On the other hand, the cost of feeding and housing the slaves was cheaper even than the low salaries paid to the white mill workers. Despite the dire predictions of some critics, slaves quickly learned how to operate the mill machinery. Many mill owners actually preferred them to the sullen louts among the poor whites who turned up for textile jobs.
And as a slave owner, Scott enjoyed a step up in social status and created “Scottsville”.
As an inducement to recruit a better class of white workers, Scott built neat little houses for them near the mill. He also constructed a “tavern” as a gathering place for after-work socials, though he strictly forbade alcohol.
The introduction of slaves to the mill didn’t hurt profits in Scottsville. The operation began to return dividends as high as 33 percent. Scott, who had bought out his partners, boasted that with his slaves he could manufacture cloth at 8.5 cents a yard, compared to the lowest price of 10 cents a yard from Northern mills.
Within five years of the introduction of slave labor, he was selling shares in his company at $100 each. The factory’s capital investment had reached $70,000 — a sum equal to more than $1.5 million today.
By 1850, there were more than 200 residents at Scottsville. The mill had a work force of 77 full-time operators. Its capital investments of $117,300 made it one of the largest cotton manufacturing concerns in the state.
Scott began to broaden his line of products. The mill still produced slave cloth and heavy yarn, but it also branched into linseys, batting, fine cloth and “a superior article of cotton sewing thread,” historian Miller says.
According to Miller, Scott sold out to a J. McConnell in 1857, but the mill rolled on. By 1860, it was employing 87 whites, with wages of $8 a month for women and $12 a month for men.
The number of slaves had grown as well.
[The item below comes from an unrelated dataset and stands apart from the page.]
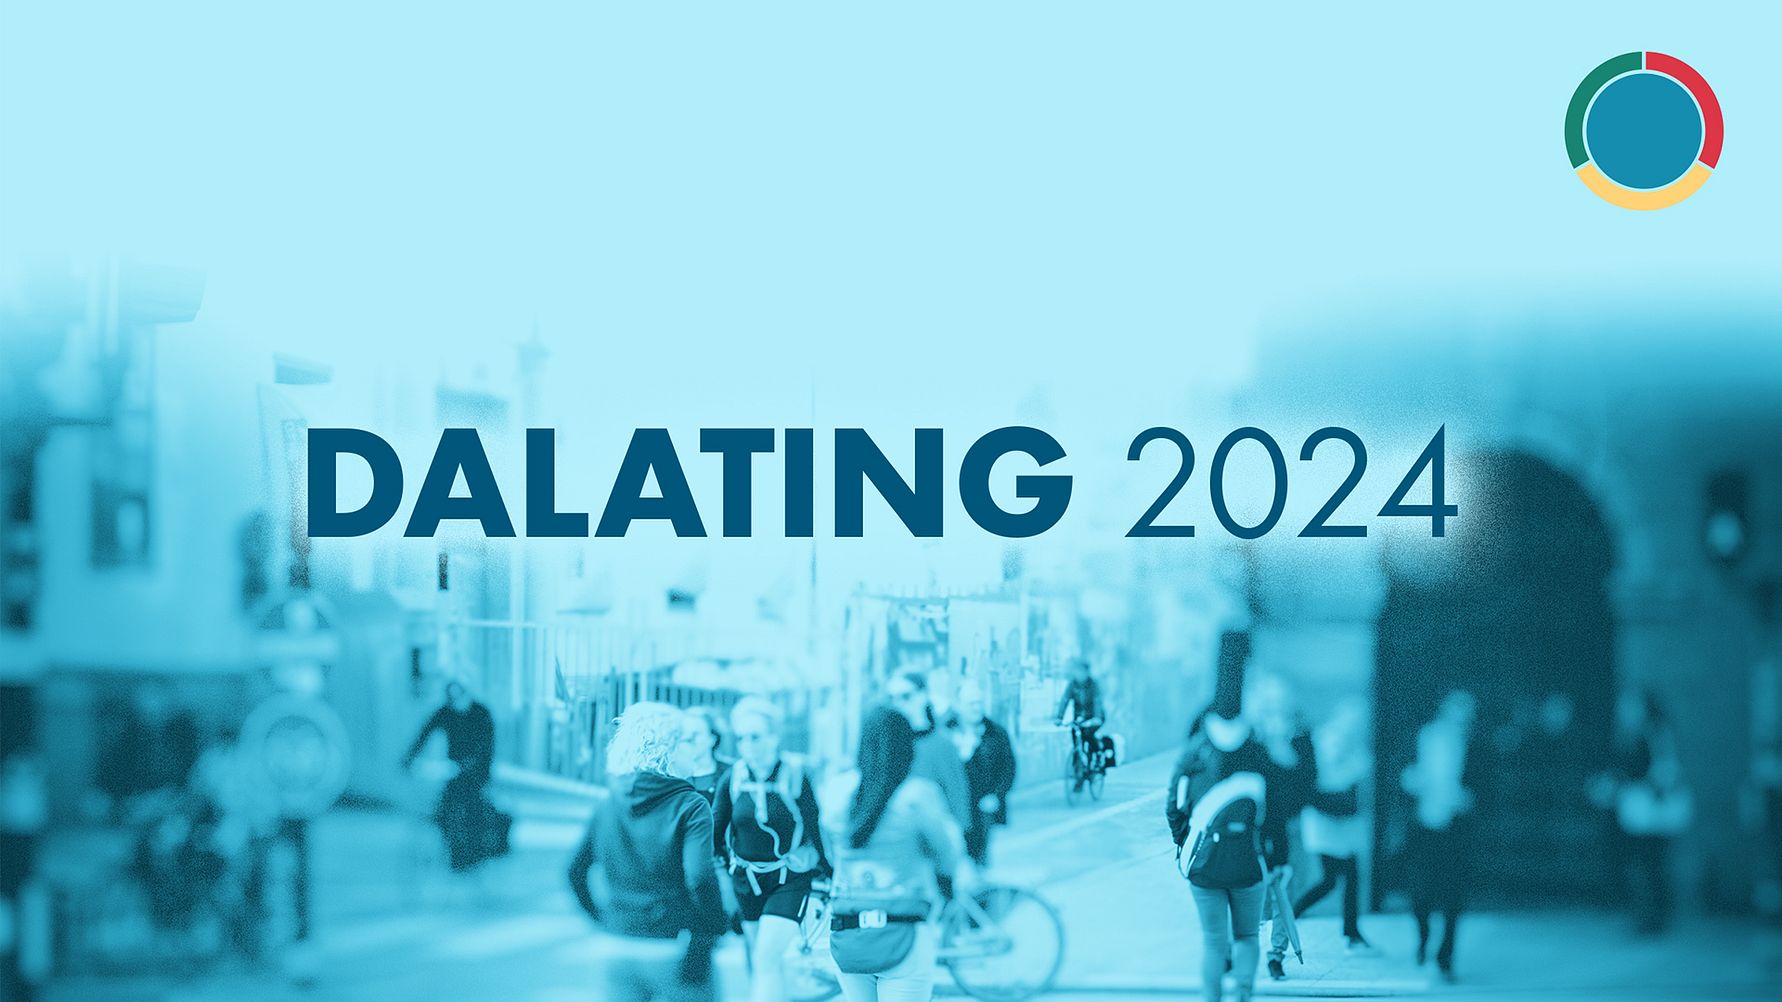 Dalating 2024

A visitor at the time noted that “negro labor is much employed by them.” There were at least 30 blacks working alongside the whites.
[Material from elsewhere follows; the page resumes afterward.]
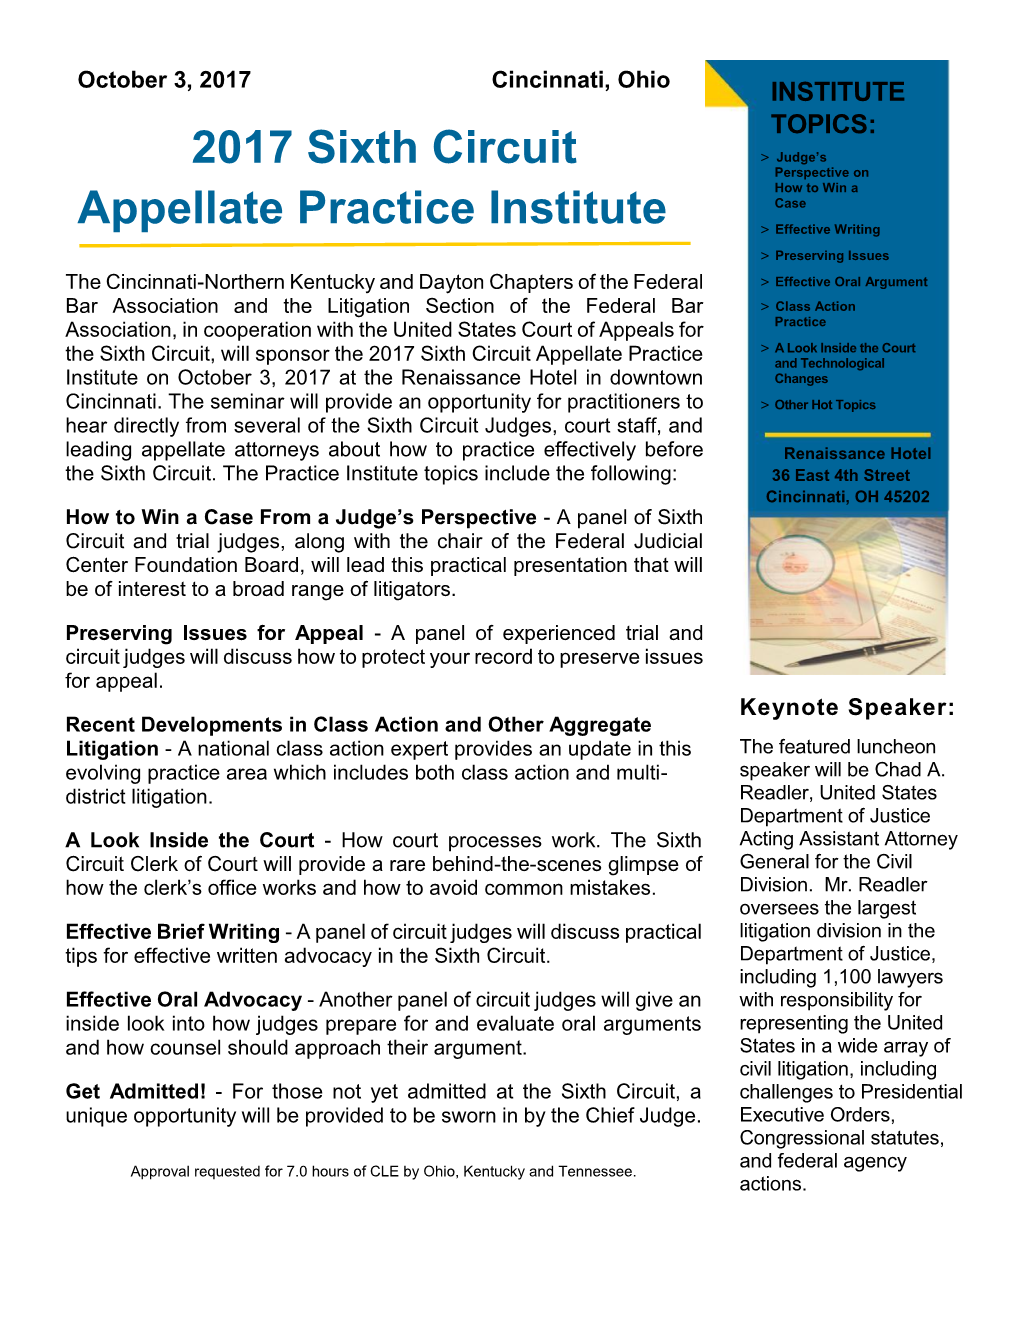 2017 Sixth Circuit Appellate Practice Institute

The market value of the family that Scott bought for $2,200 in 1841 had risen to $10,000 on the eve of the Civil War. Most of the original slaves remained on their jobs at the mill, where they were described as “very useful.”
Scott wasn’t the only Northern transplant in Alabama who found himself converted by slavery’s siren call. His competitor Daniel Pratt, a New Hampshire native whose cotton works in Autauga County became famed throughout the South, wrote that “African slavery in North America has been a greater blessing to the human family than any other institution except the Christian religion.“
The Civil War would destroy those fantasies.
In 1865, Union Gen. James H. Wilson and his 13,500 cavalry troops were decimating central Alabama, purging it with fire and gunpowder. Wilson dispatched a unit under Gen. Edward McCook of Ohio to Scottsville, which was on the road between Selma and Tuscaloosa. The Union troops burned the mill complex and the town.
The mill and the community never were rebuilt.